Nine Personal Finance Rules

Everyone should be aware of the following nine personal finance rules.

  • 1) Rule 72 (Double Your Money)
  • 2) Rule 70 (Inflation)
  • 3) The 4% withdrawal limit
  • 4) The 100-less-age
  • 5) 10, 5, 3
  • 6) 50-30-20
  • 7) Emergency
  • 8) 40℅ EMI
  • (Rule 9) Life cover

1) Rule 72

Divide 72 by the interest rate to find the no. of years needed to double your money at a certain rate.
For instance, divide 72 by 8 to get nine years – If you want to know how long- it will take your money to double at 8% interest.

For example:
That will take 12 years at a 6% rate.
It will take eight years if the rate is 9%.

2) Rule 70

To determine how quickly the value of your investment will drop to half its present value, divide 70 by the current inflation rate.

Your money’s worth will be 50% reduced in ten years at a 7% inflation rate.

3) The 4% Rule for Financial Independence

Corpus needed = 25 times your projected annual expenses.

For example, if your annual expense is 500,000 after 50 years and you wish to take VRS, your required corpus is 1.25 crores.

Invest half of it in fixed income and half in equity.

Withdraw 4% of your annual earnings or five lakhs.

This rule works 96% of the time over a 30-year period.

4) Subtract 100 from your age

This rule use to allocate assets.
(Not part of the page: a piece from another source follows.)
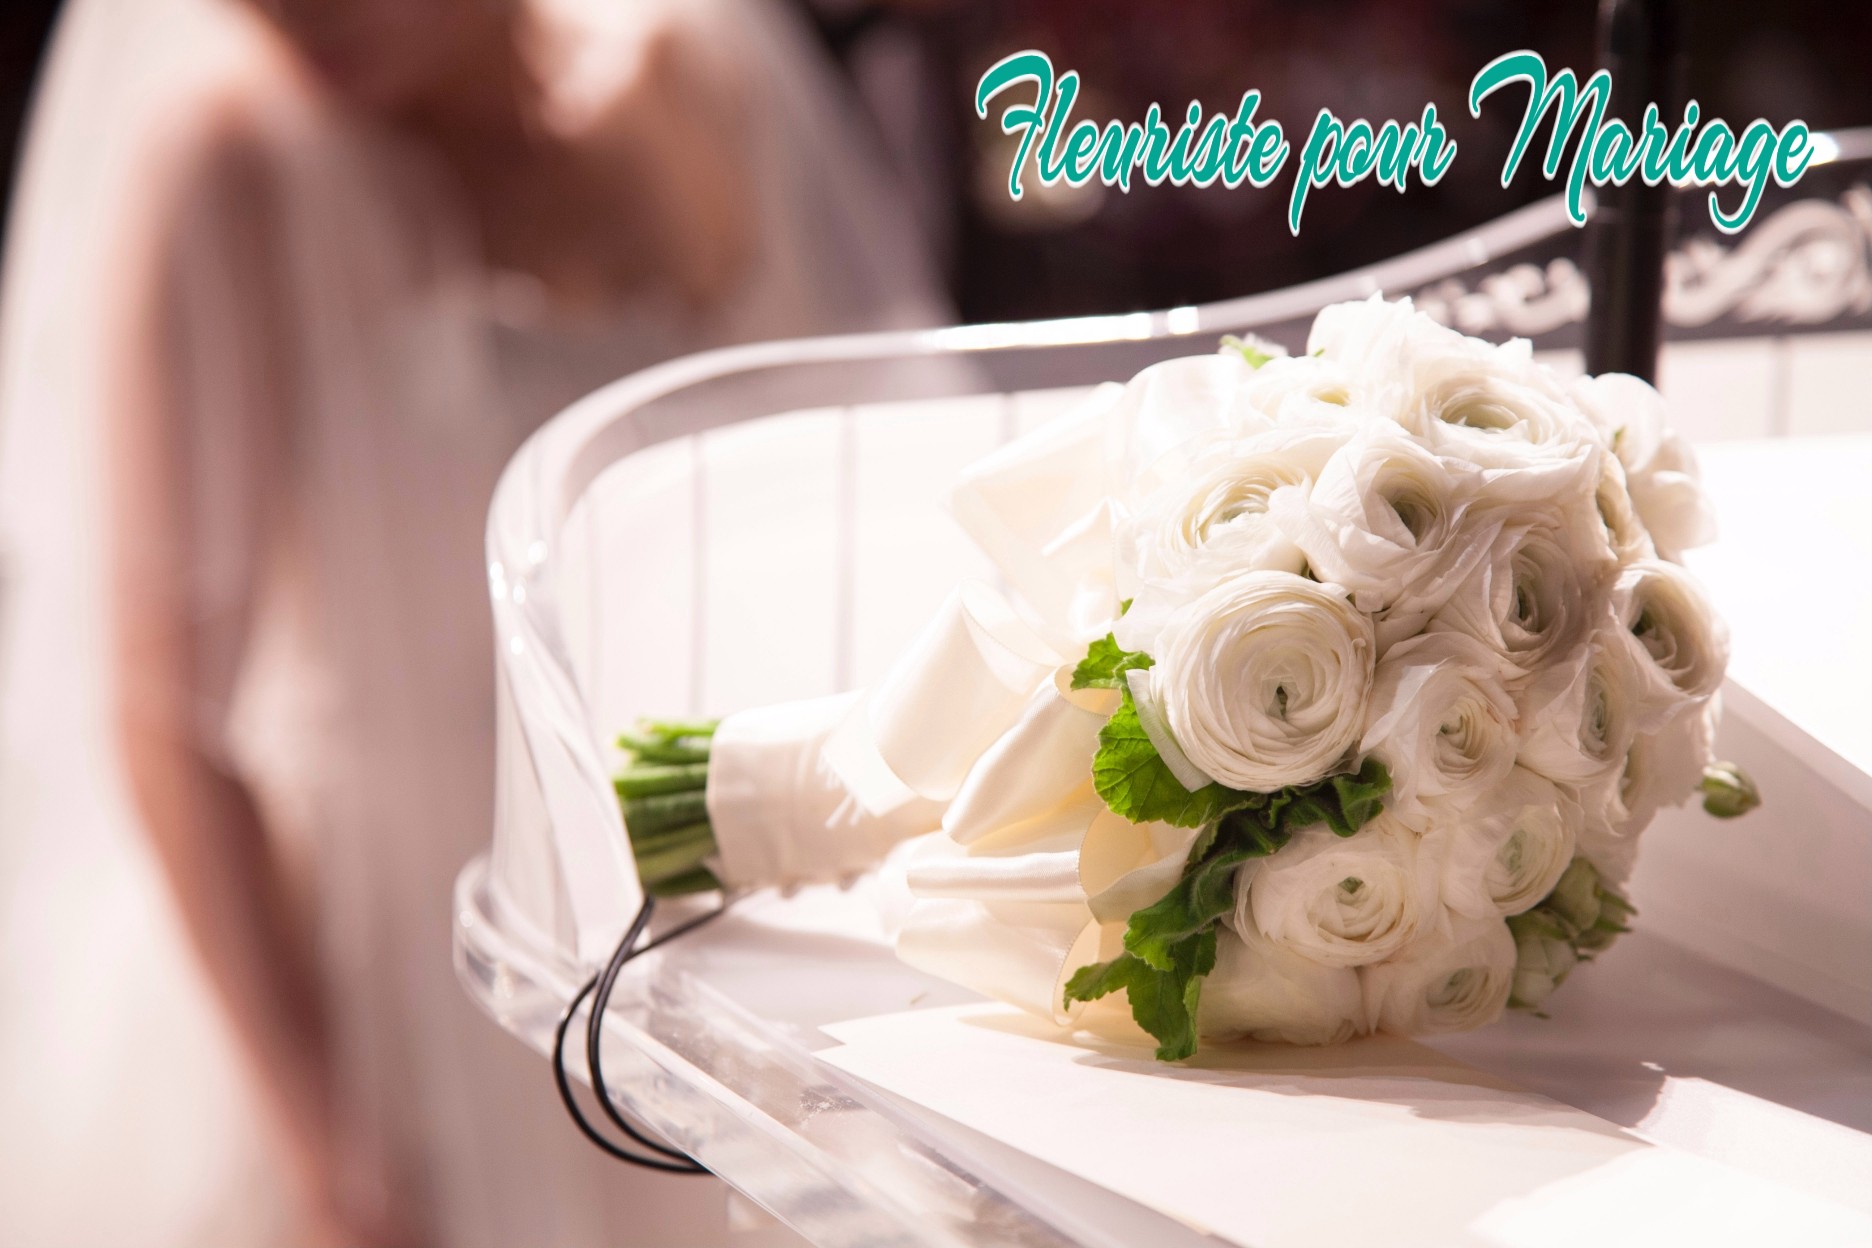 Fleuriste Mariage Cannes - Décoration florale de Mariages

Subtract your age from 100 to determine how much of your wealth should be in stocks.

Assume your age is 30, then (100 – 30) = 70.

70% equity
Debt: 30%

5) 10-5-3

Expected returns should be realistic.

10% Rate of return – Equities / Mutual Funds
5℅ – Debt instruments
3% – Savings Account

6) 50-30-20 – concerning the allocation of income to expenses

Split your income into
50% – Needs(Groceries, rent, emi, etc.)
30℅- Wants (Entertainment, vacations, etc.)
20% – Savings (Equity, MFs, Debt, FD, etc.)

At the very least, strive to save 20% of your salary.
You can certainly save more.

7) 3X In Case of Emergencies

Constantly save at least three times your monthly income for emergencies such as job loss, medical issues & so on.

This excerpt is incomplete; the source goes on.